Retype each record below word for word. Leave the pictures out.

=== Data for review ===

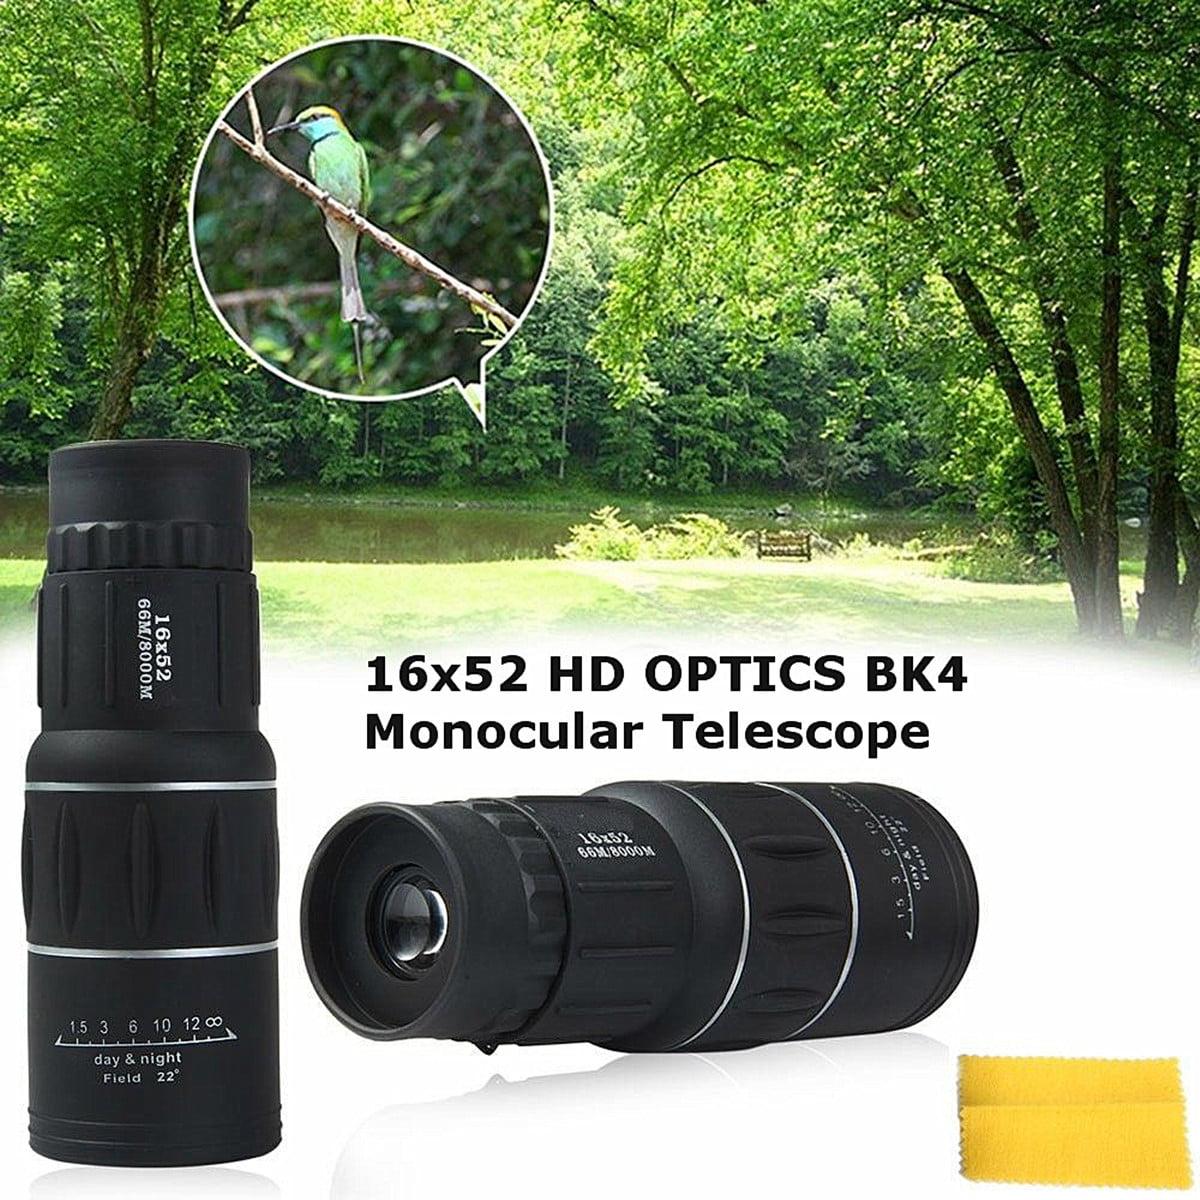 16X52 Focus Zoom Portable Travelling HD OPTICS BAK4 Monocular Telescope
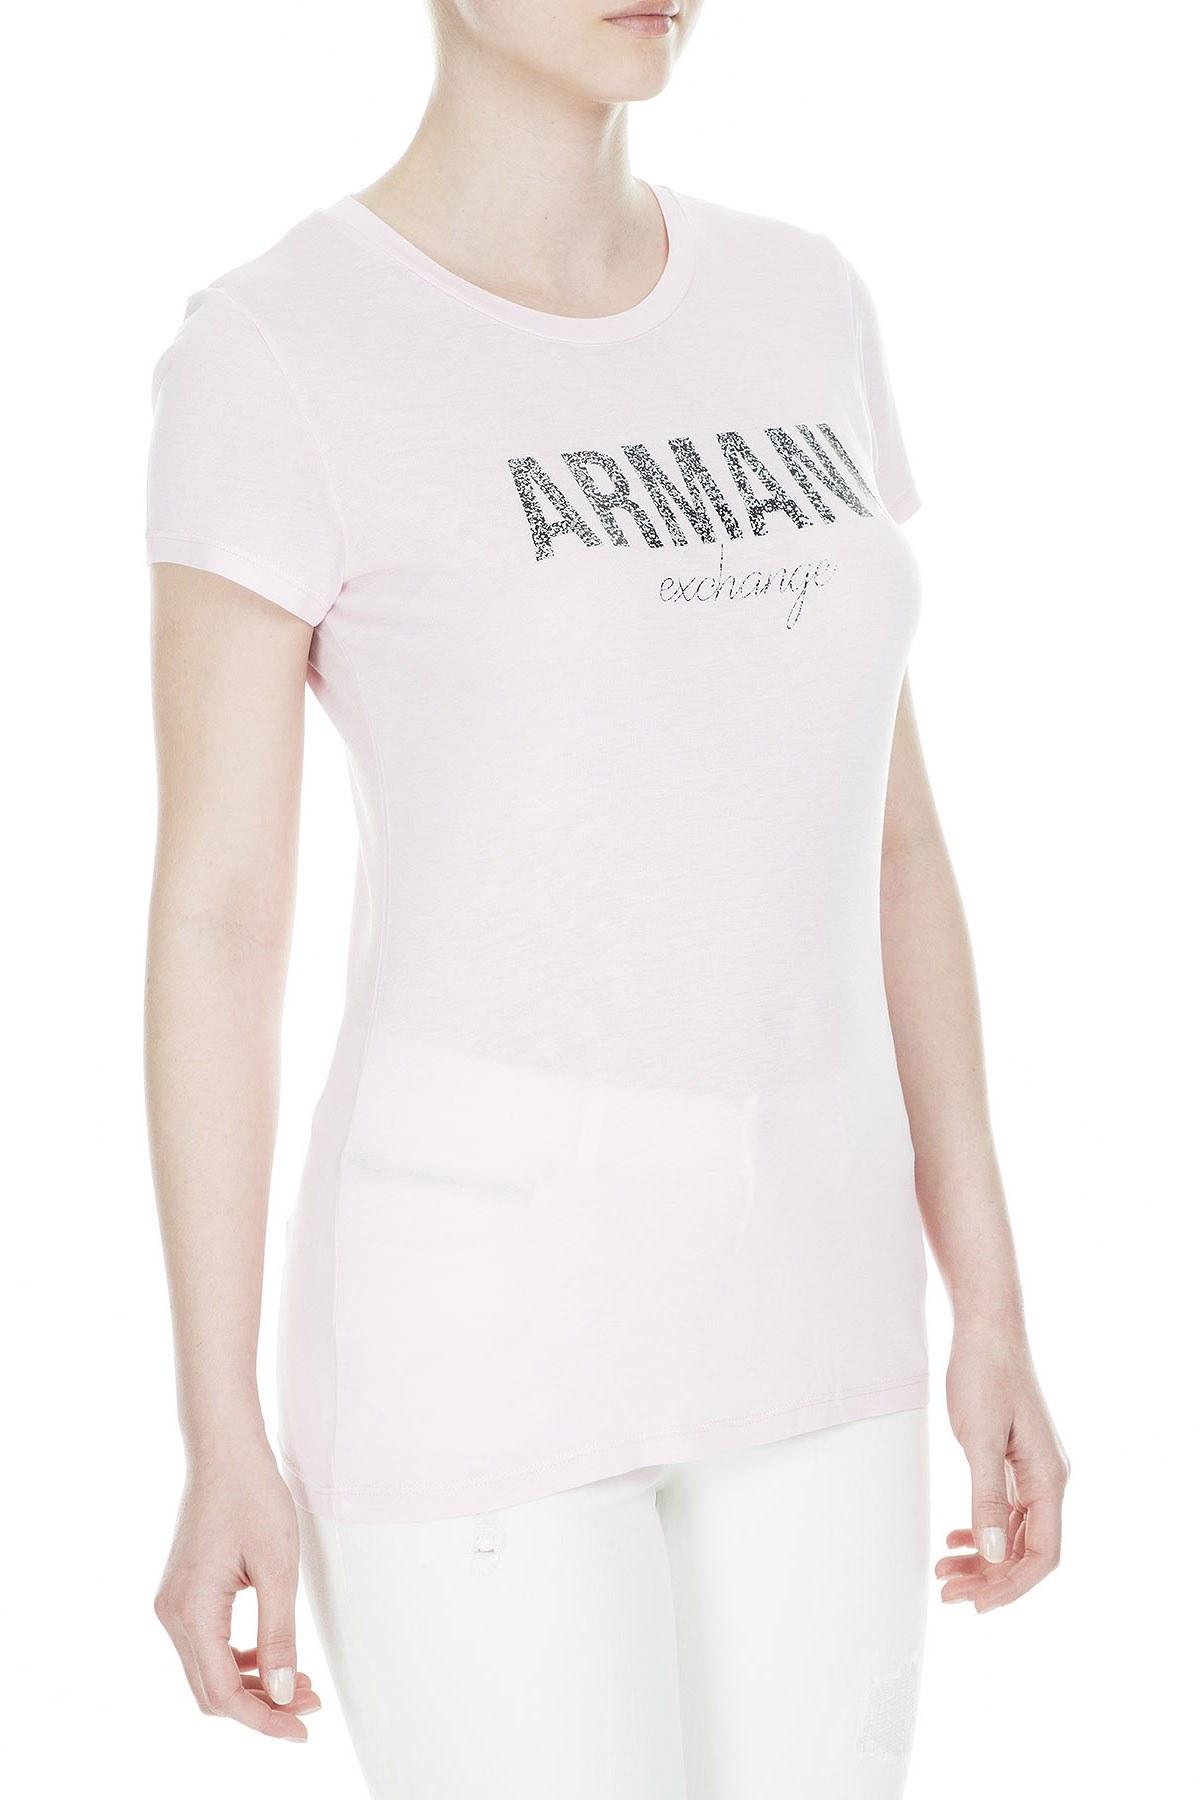 Armani Exchange Bayan T Shirt 8NYT98 Y9C8Z 1453 PEMBE
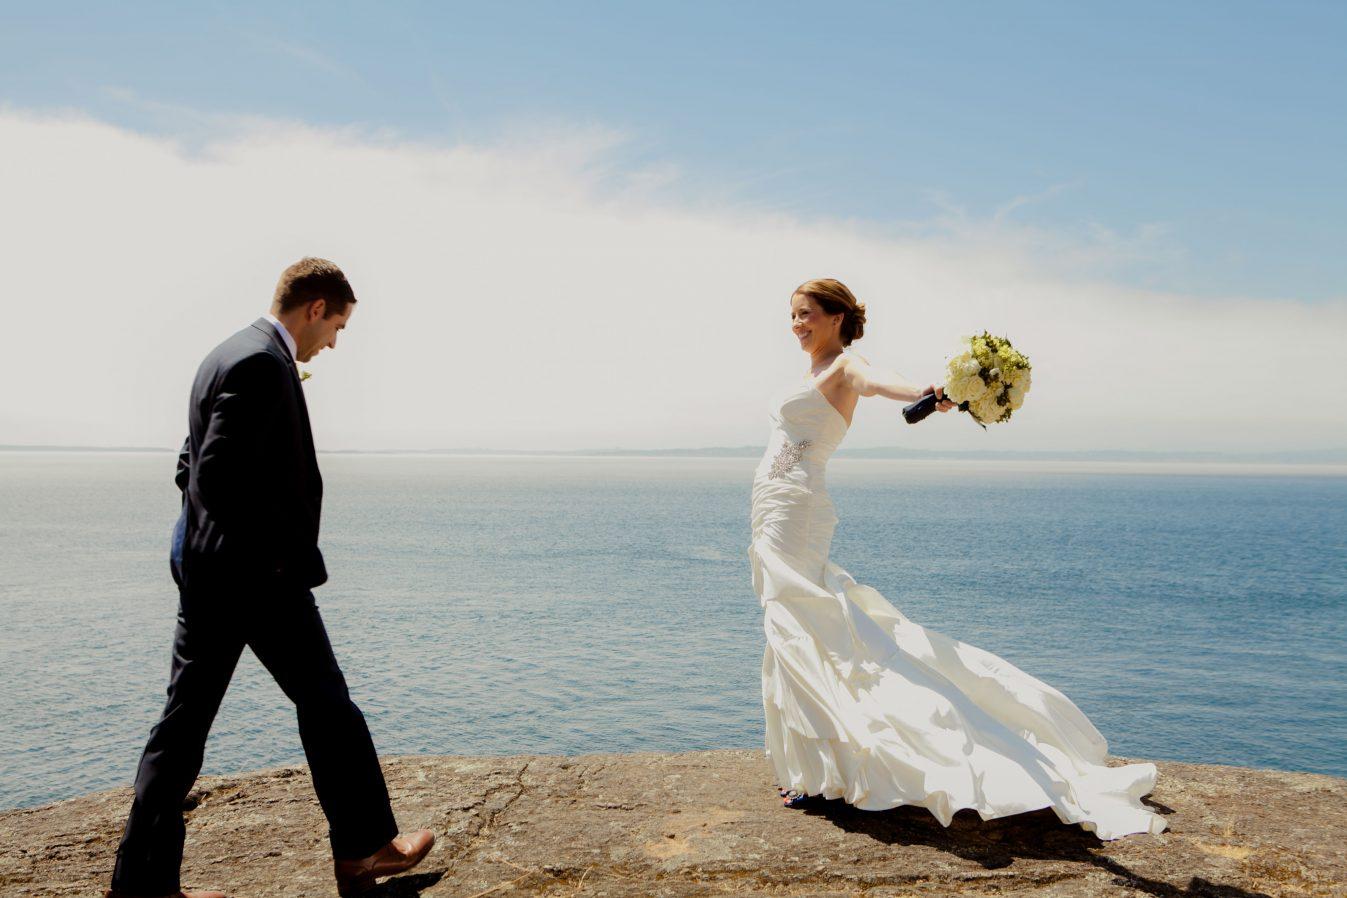 bride-groom-water-spontaneous-wedding-photo
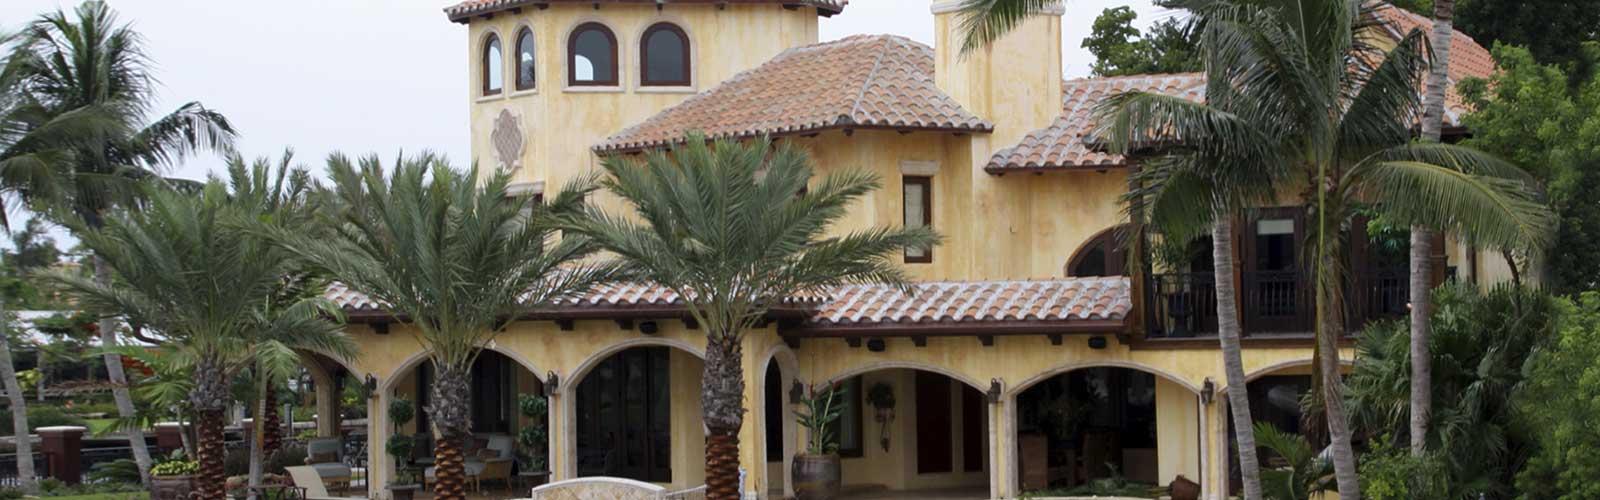 Immobilien Naples - Strand Immobilien - Hauskauf Olde Naples Florida
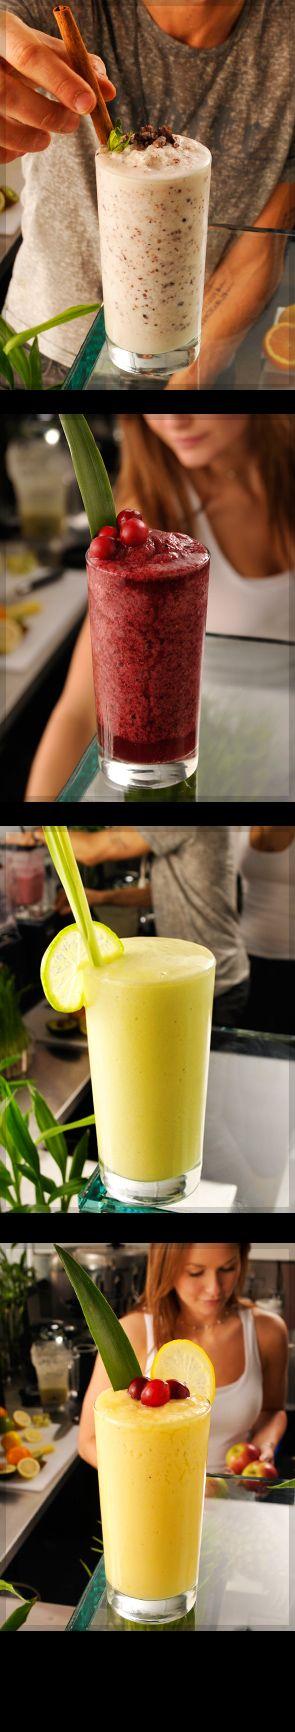 Blends | Thrive Juice Bar
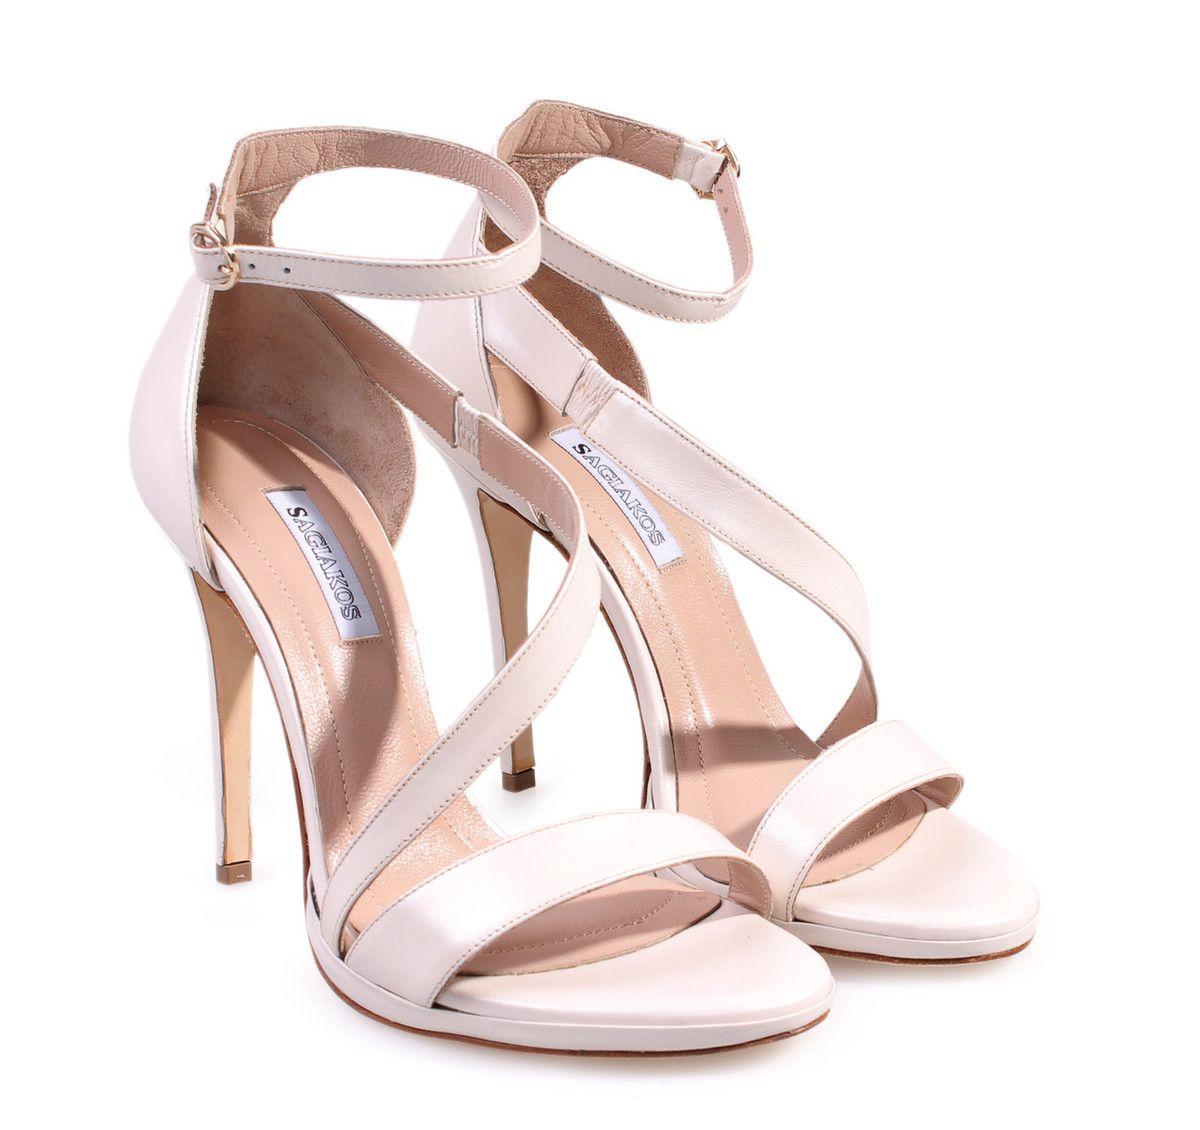 8c4e2405663 SAGIAKOS Ivory Leather Bridal High-heeled Sandals. Γυναικεία ιβουάρ  δερμάτινα ψηλοτάκουνα νυφικά πέδιλα.
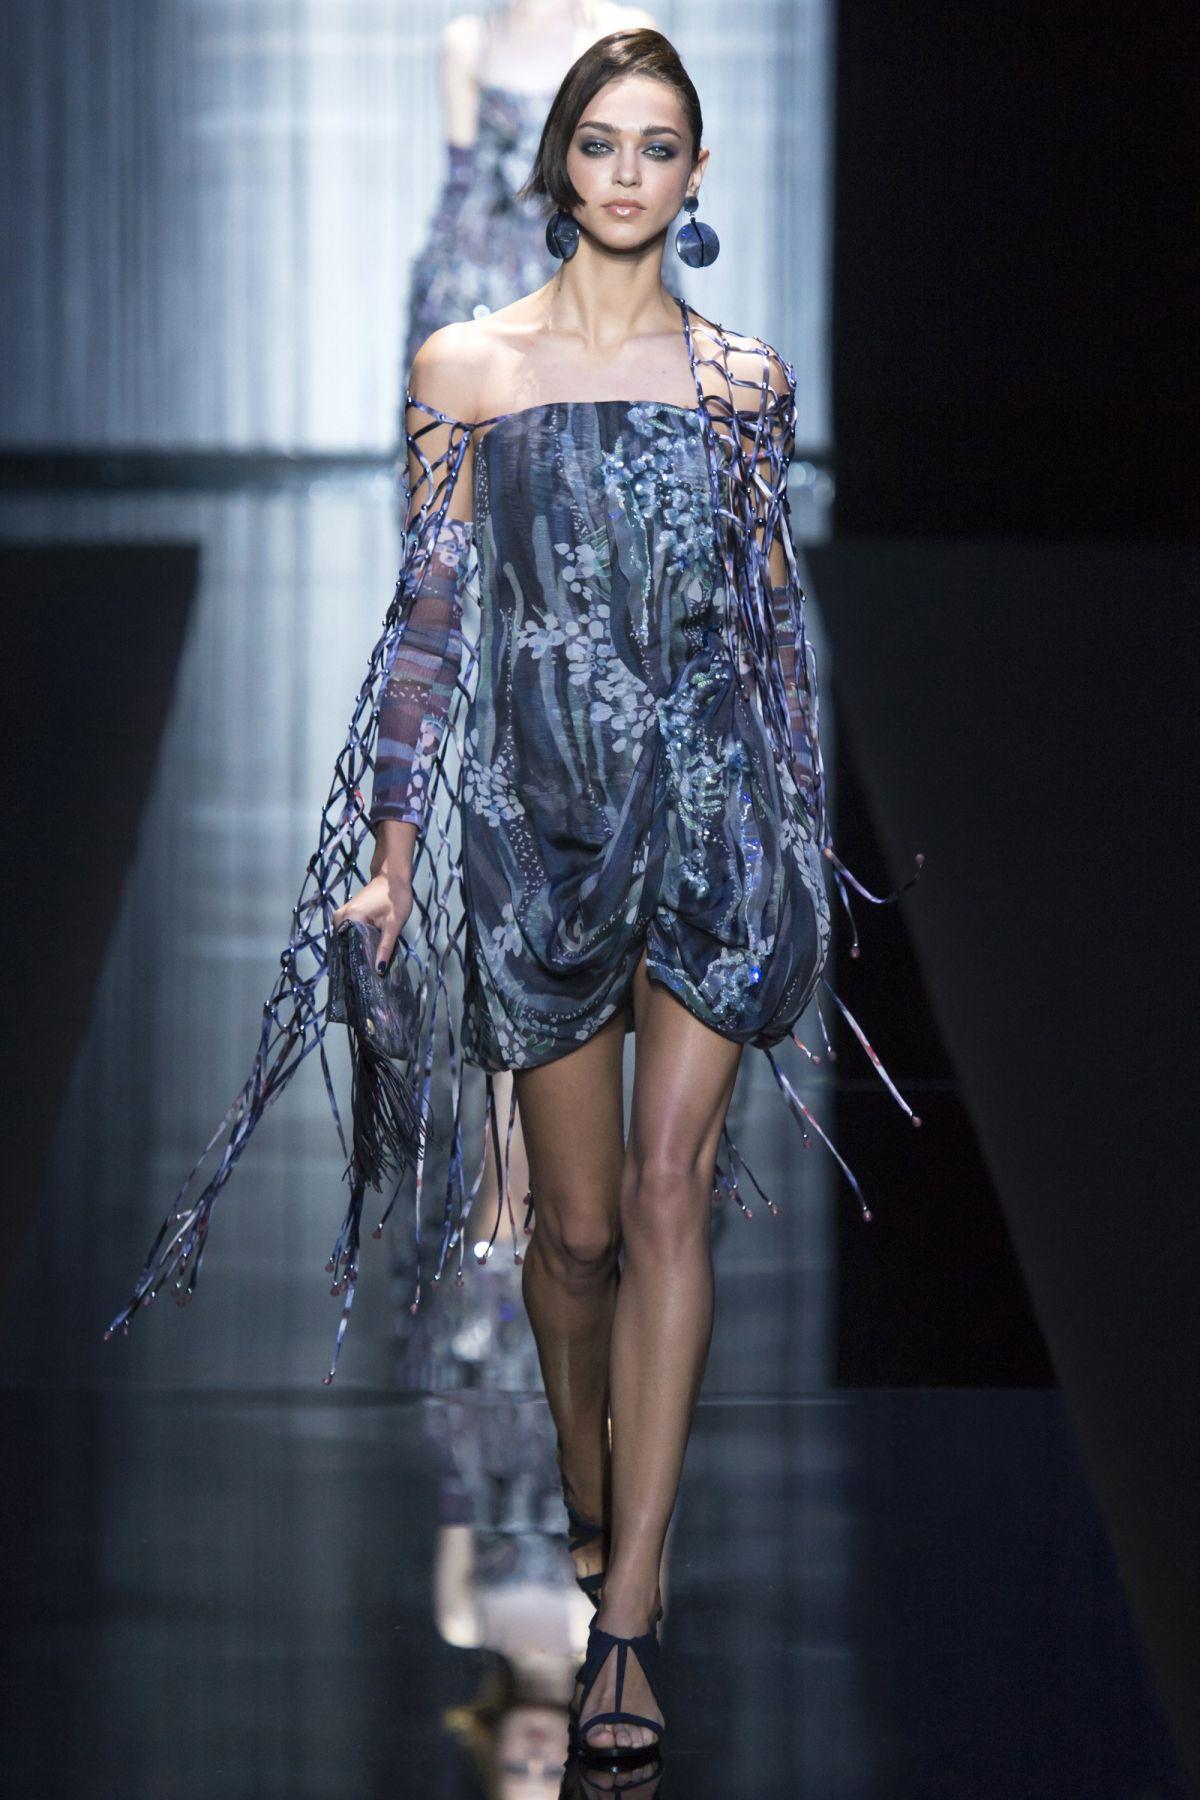 ZENYA KATAVA at Giorgio Armani Spring/Summer 2017 Fashion Show at Milan Fashion Week

===

_Solution to this task_
 16X52 Focus Zoom Portable Travelling HD OPTICS BAK4 Monocular Telescope
 Armani Exchange Bayan T Shirt 8NYT98 Y9C8Z 1453 PEMBE
 bride-groom-water-spontaneous-wedding-photo
 Immobilien Naples - Strand Immobilien - Hauskauf Olde Naples Florida
 Blends | Thrive Juice Bar
 8c4e2405663 SAGIAKOS Ivory Leather Bridal High-heeled Sandals. Γυναικεία ιβουάρ  δερμάτινα ψηλοτάκουνα νυφικά πέδιλα.
 ZENYA KATAVA at Giorgio Armani Spring/Summer 2017 Fashion Show at Milan Fashion Week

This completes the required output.